A primary goal of estate planning for many people is to help their loved ones avoid having to deal with a long and potentially costly probate process after they die.

Thankfully, putting many of your assets in a revocable living trust can help you to accomplish that goal.

Because a living trust legally owns the assets that fund it, those assets don’t technically transfer to a grantor’s estate when they pass away. Instead, they can go directly to the designated beneficiaries without passing through probate.

What can you include in a revocable living trust?

There are a lot of misconceptions concerning revocable living trusts. People often think they’re only for people with considerable assets and that they take a lot of work to manage. However, if you own a home and have some non-retirement investment and bank accounts, as many people do, a revocable living trust can be worthwhile to establish.

You can also include other assets like jewelry, antiques and collectibles that don’t have ownership documents.
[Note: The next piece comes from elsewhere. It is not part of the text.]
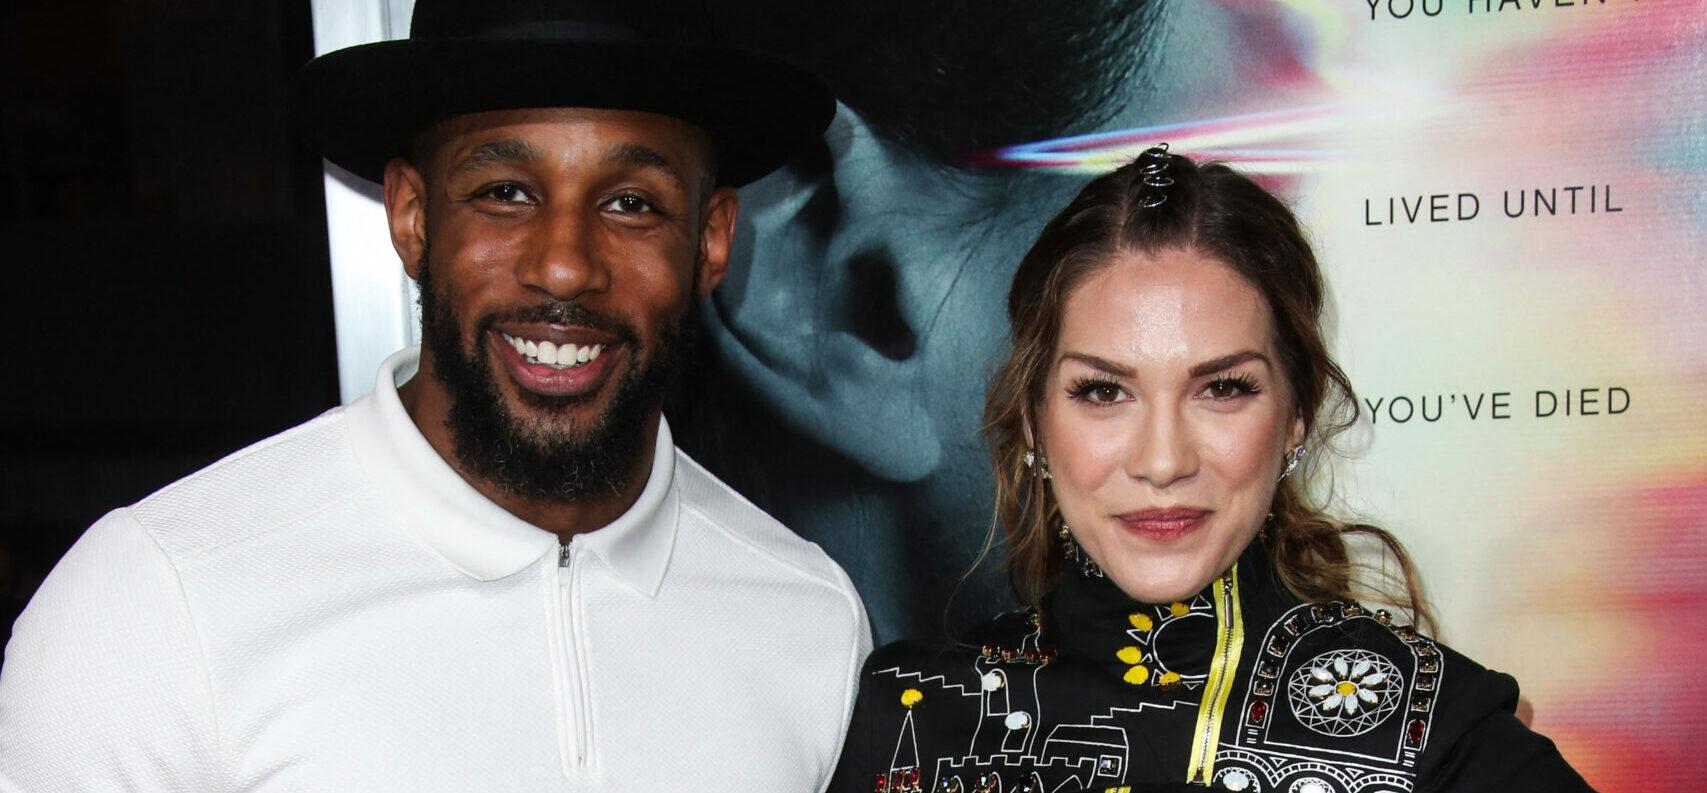 Allison Holker Claims There Were “No Arguments, Issues ” Prior To tWitch’s Death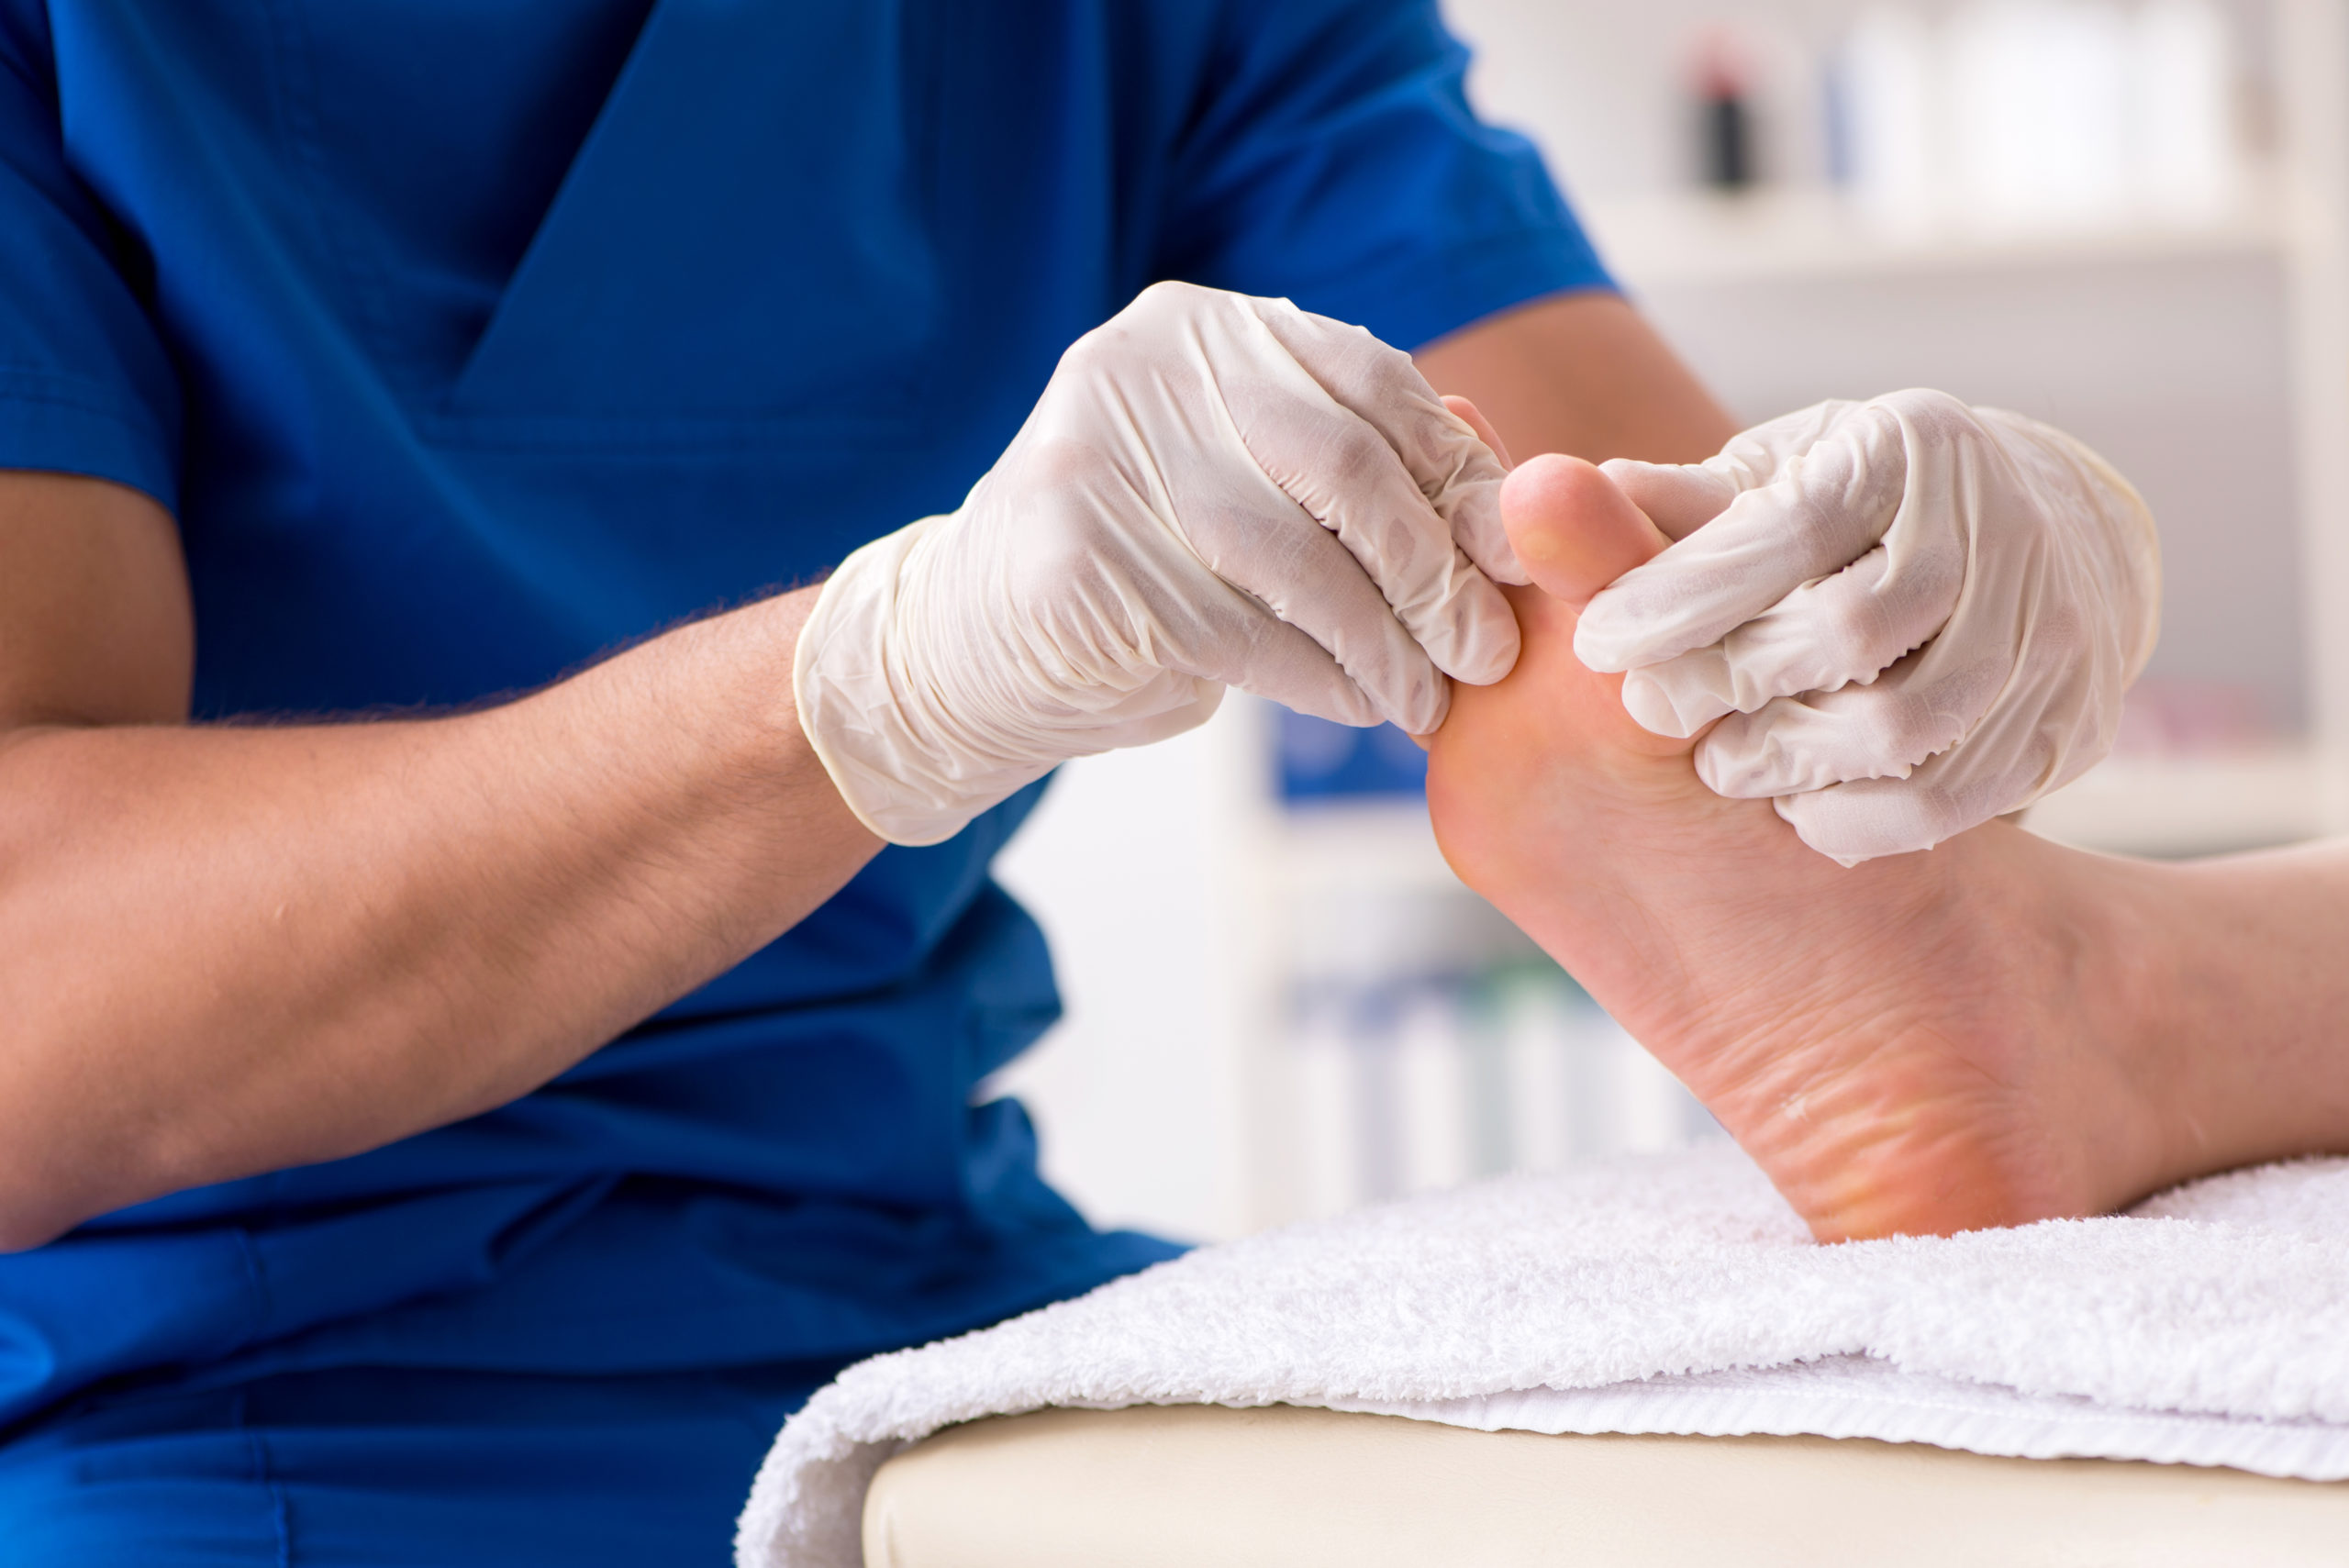 How to keep your feet healthy, according to podiatrists

What happens to assets placed in a living trust?

Another common misconception is that it’s difficult to set up a living trust.

Nevertheless, once the trust is established it simply involves changing the name of an asset’s owner to the trust name (for example, “The Jane S. Doe Living Trust”). You can do this on the deed to your home and through your financial institutions for your accounts.

Finally, people often think they will have to give up access to an asset if it goes into a trust. With a revocable living trust, you would typically name yourself as the trustee. Furthermore, as trustee you can continue to transact on your accounts, sell your home if you choose and so forth just as you normally would.

What happens to the trust after you pass away?

You can also name a successor trustee who will take over as trustee when you pass away. At that point, the trust also becomes irrevocable, so changes to the trust can’t be made after your passing and it becomes the trustee’s job to see that the assets are handled as you have designated.

Needless to say, there’s a lot more to learn about revocable living trusts and other ways to keep your assets out of probate.

With experienced estate planning guidance, you can determine which approaches to estate planning are best for your needs and goals.